Trump subverts debate into street-fighting spectacle
Asking Donald Trump to participate in a presidential debate is like asking a fish to perform a headstand — it is simply outside the realm of possibility. And so it was with Tuesday night’s debate in the US.
There was such contempt, such flagrant abandonment by Trump of the norms and practices that accompany these types of exercises, that it seems not unreasonable to believe he simply has not the first clue of how they’re supposed to work.
In the world of the pugnacious bully, all is surveyed only as an opportunity to shout down, interrupt, heckle, insult and belittle.
That the audience thereby loses any chance for clarification, explanation or understanding doesn’t even enter this calculation.

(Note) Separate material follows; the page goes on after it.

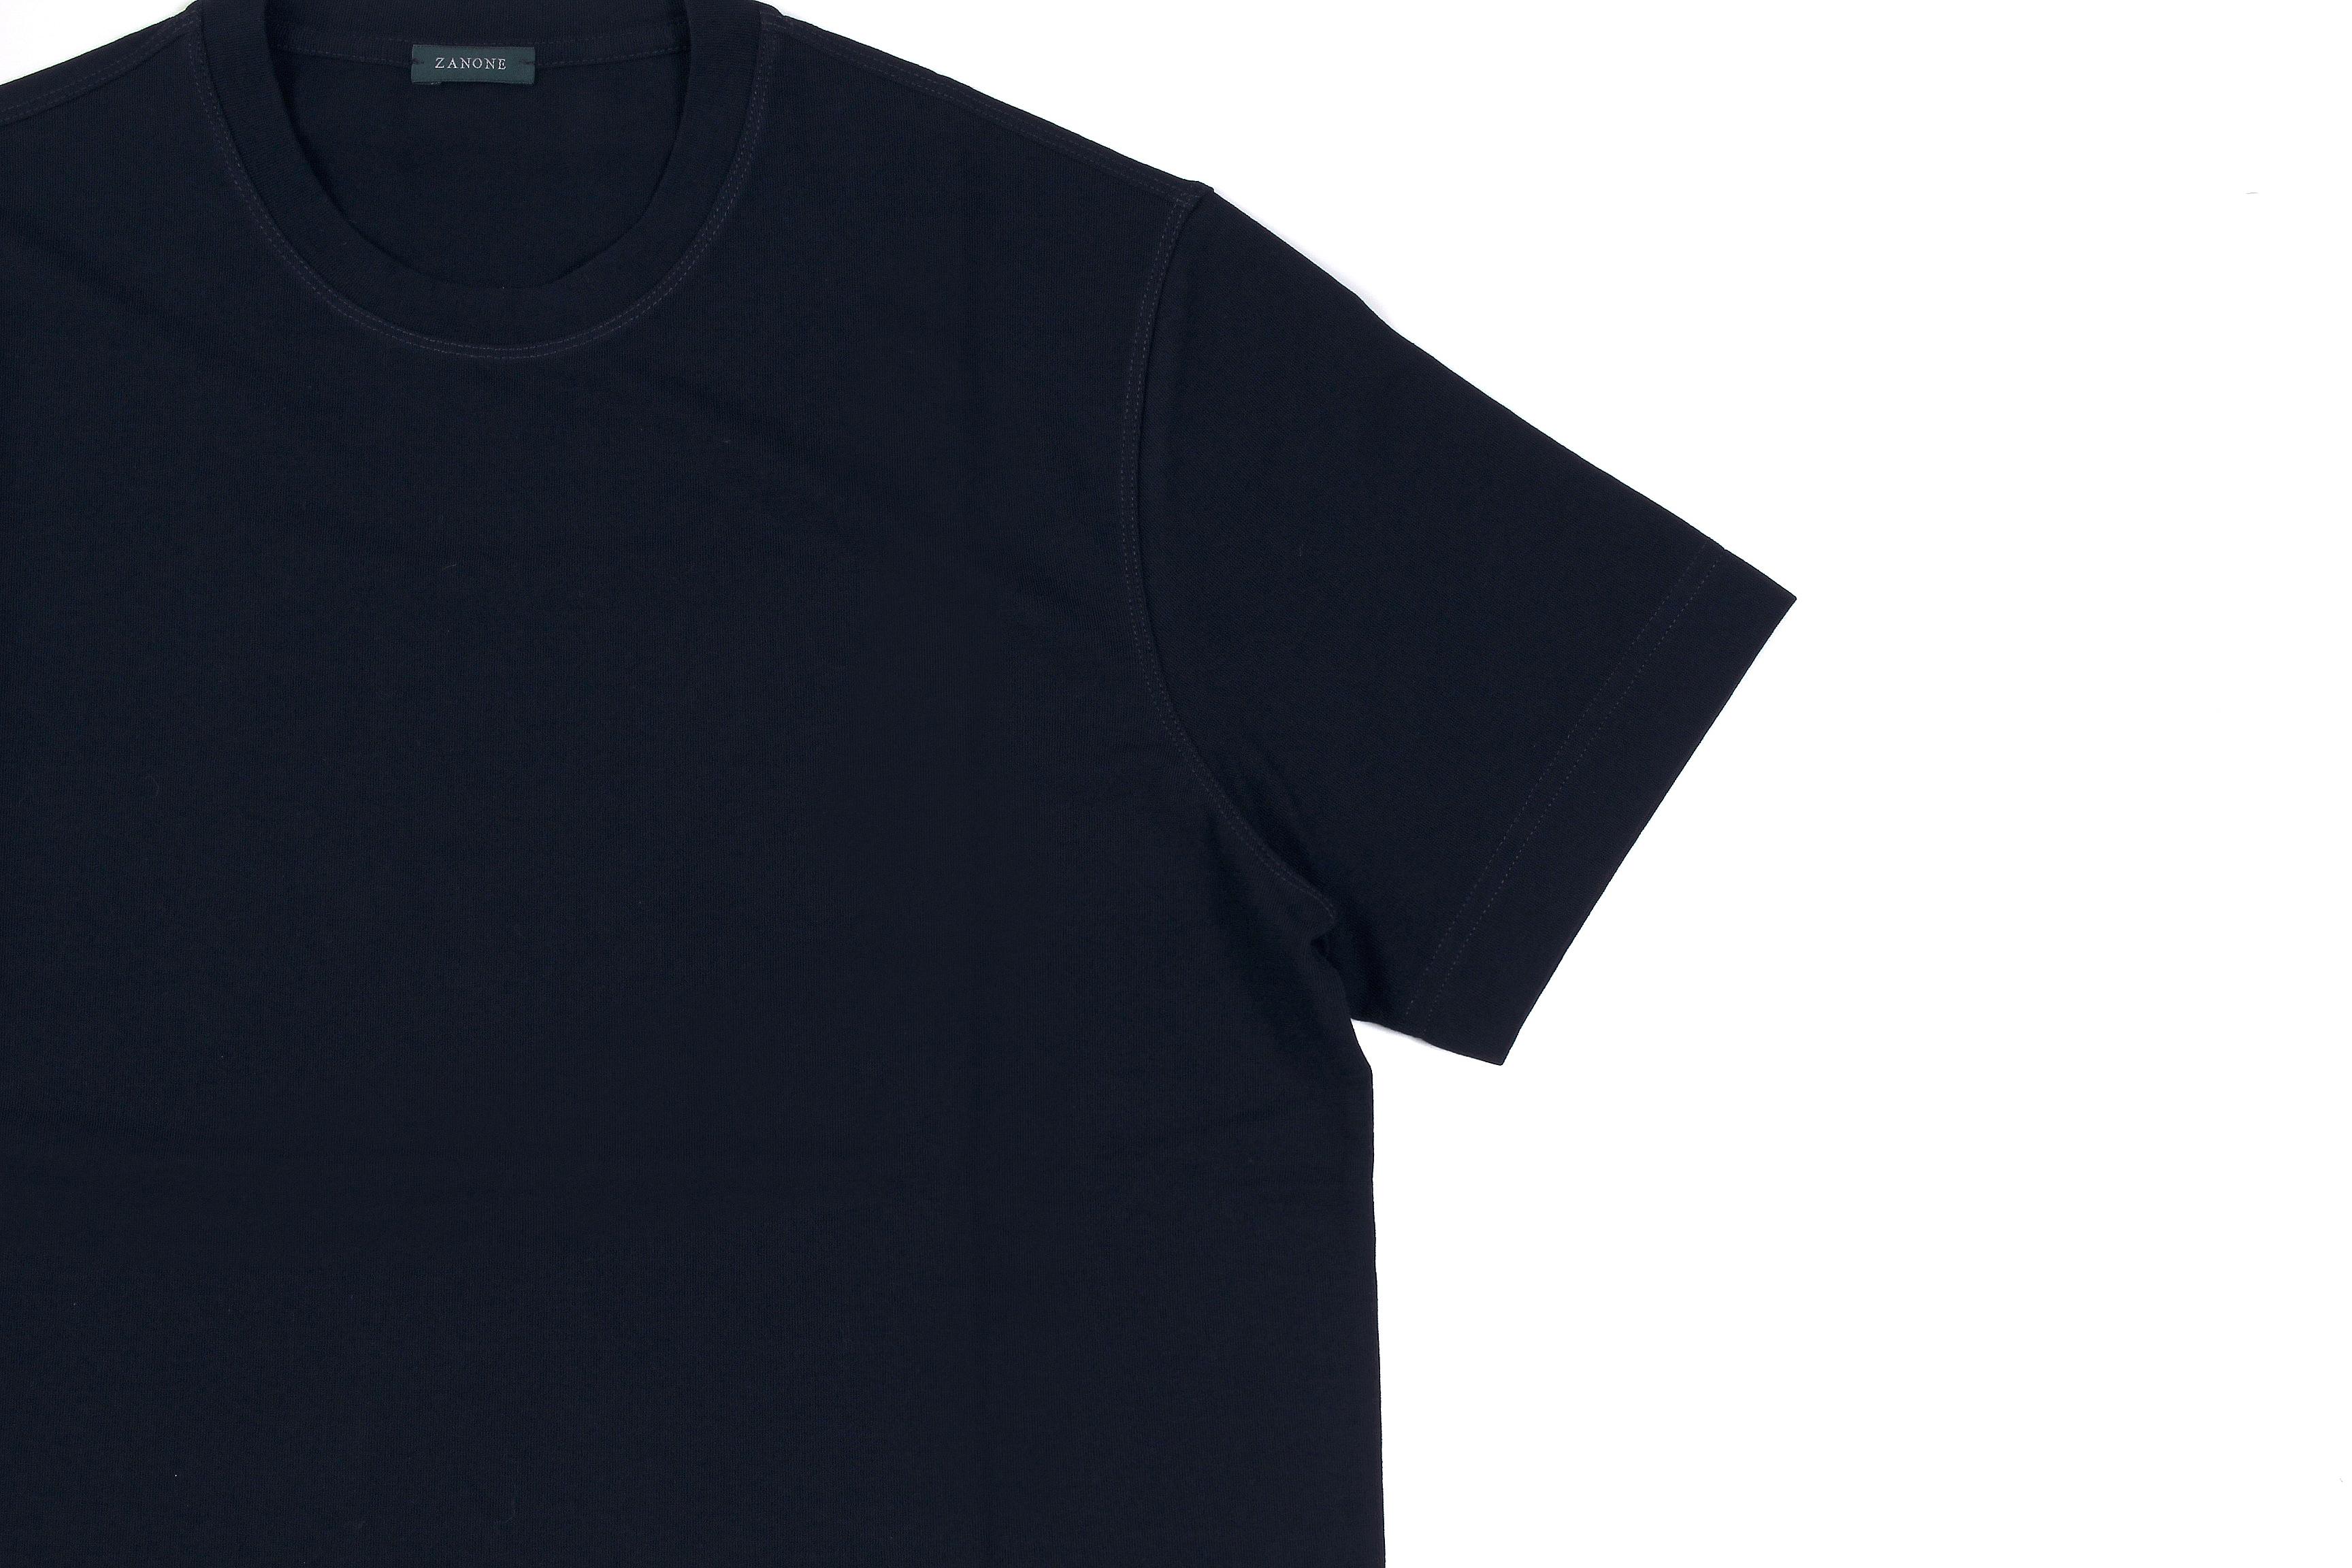 ZANONE(ザノーネ) Crew Neck T-shirt (クルーネックTシャツ) ice cotton アイスコットン Tシャツ NAVY (ネイビー・Z0542) MADE IN ITALY(イタリア製) 2020 春夏 【ご予約開始】愛知 名古屋 altoediritto アルトエデリット tee 夏Tシャツ

So degrading and corrupting is Trump’s type of discourse that I was tempted to cheer when Joe Biden said “shut up, man” and called him a clown — as if Biden had managed to land some punches. But that is, of course, to concede that the metric of the debate was one of Trump ’ s choosing: who was the better street fighter, not who offered the more compelling response.
So much of the coverage of the debate I’ve seen focused almost exclusively on the spectacle that is Trump. That is understandable: spectacle suffocated any substance. But such coverage, even outraged coverage, serves only to reinforce the disservice to the American public, who are once again denied any opportunity for real understanding or explanation.
This challenge of how to manage and respond to a person such as Trump, who would overturn our very measurement of what constitutes public good, and eligibility for public leadership, isn’t only one Biden must confront. It is a challenge for all invested in and desiring of a public discourse that facilitates shared values, understanding, communion and compassion.
It is a challenge we in SA face every day too. Take this week’s letter from Jacob Zuma’s lawyers to deputy judge president Raymond Zondo calling for his recusal as chair of the state capture commission. Among the many legal and realworld inanities, there is this allegation: Zondo’s “bias against [Zuma] is a result of personal matters and strained relations that [Zondo] ought to have disclosed right at the beginning of the inquiry”.
This invites the obvious response that Zuma, as president of the republic and so occupying the highest public position and most weighty ethical role in the country — and the person responsible for appointing Zondo to his position as chair of the commission in the first place was arguably even more obligated to take into account and disclose these personal matters and relations, such that they may be, at the time of the appointment.
But this is of no real concern to the former president and his lawyers. Nor, I imagine, would any observation that “the big man” identity and pity-party narrative make for strange bedfellows, disturb them. It is taken straight from the Trump playbook that leadership, consistency, coherence and truth in public statement are for the birds.
For Trump and Zuma, the role and position of leadership is endlessly malleable: to be inhabited to dominate; to be scapegoated to abjure responsibility. That public leadership ought to have both a solidity and weight to it — a sacred obligation and trust owed to those who are governed is entirely foreign.
That would be less of a tragedy were we in our attentions and coverage less likely to make it foreign to ourselves and the public too. But so startled, sometimes starstruck, are we by the spectacle, that we give over our system of measurement and assessment, allowing it to dominate when it should never merit our notice.